From   jverkuilen <[email protected]>
To   <[email protected]>
Subject   RE: st: multicollinearity
Date   Wed, 19 Nov 2008 17:03:11 -0500

Stata drops perfectly multicollinear variables. It won't drop variables that aren't perfectly collinear. 

There are many silly examples one could make, e.g., a variable x and another -x both included in the regression, but if you want a slightly less obvious one take a trichtomous variable and make three dummies from it. One is redundant; it doesn't matter which. 

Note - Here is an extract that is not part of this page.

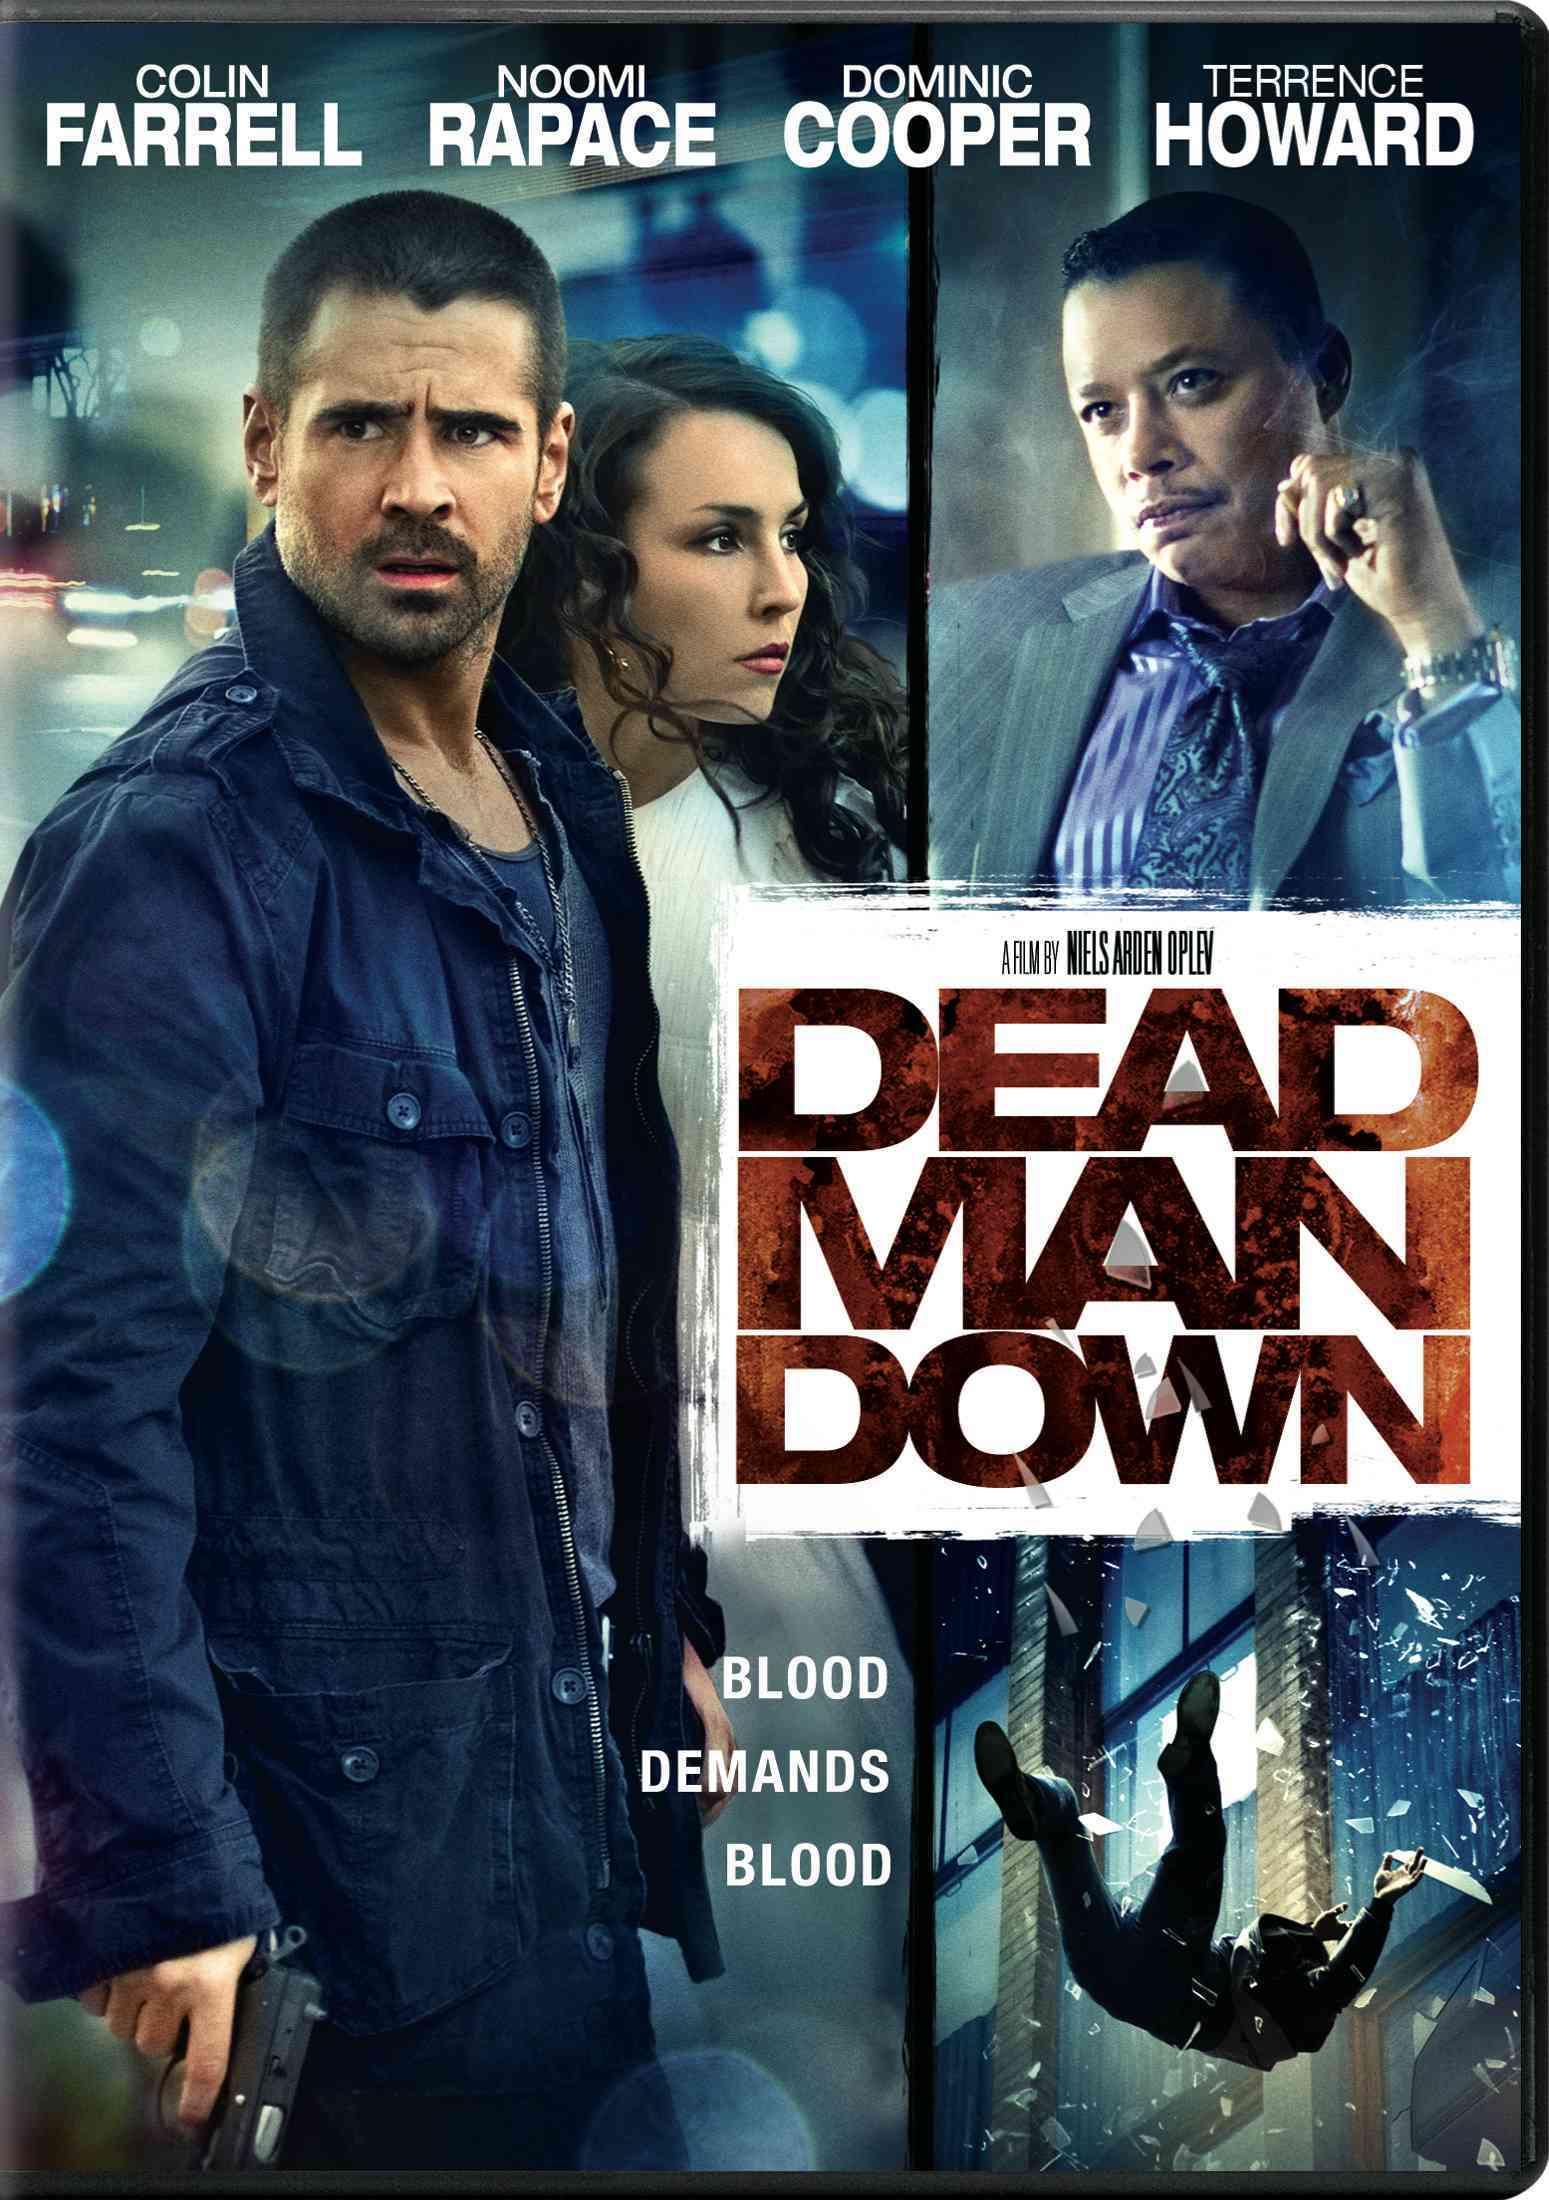 DEAD MAN DOWN BY FARRELL,COLIN (DVD)
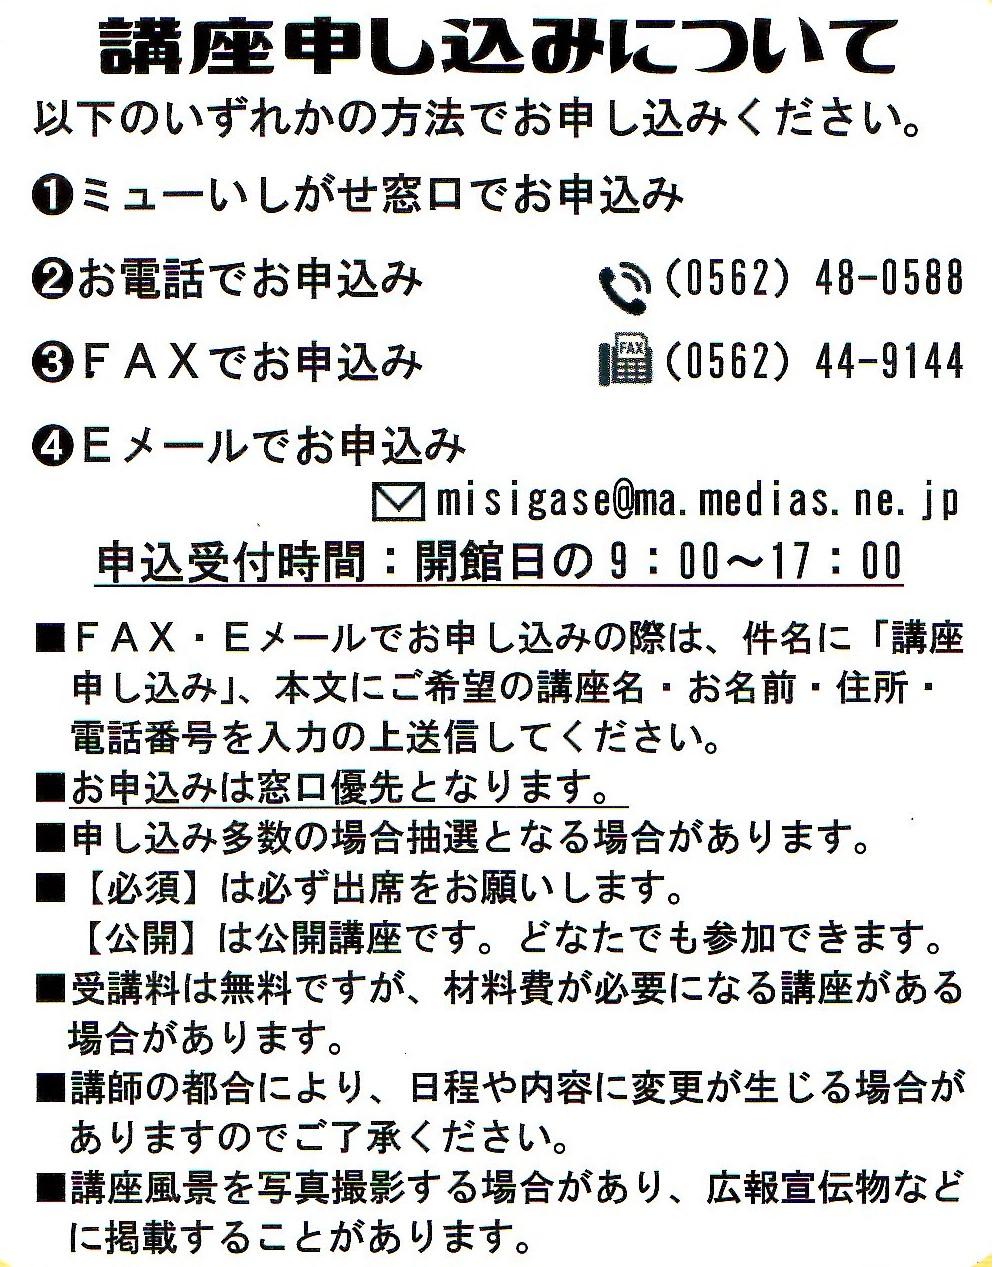 f:id:nagoyalgbt:20200405220153j:plain

Back in the old days multicollinearity was a big numerical problem because many cheap computing algorithms are inherently ill-conditioned and thus more unstable in the presence of collinarity than might otherwise be the case. It still is, but now that much better algorithms such as QR decompostion are used, the effect on estimates is mitigated. 

The substantive problem with multicollinearity is that you can't untangle the effect of collinear variables from each other.  

-----Original Message-----
From: "Chris Witte" <[email protected]>
To: [email protected]
Sent: 11/19/2008 3:06 PM
Subject: st: multicollinearity

Is there another way to get the following module (the link isn't working for me)?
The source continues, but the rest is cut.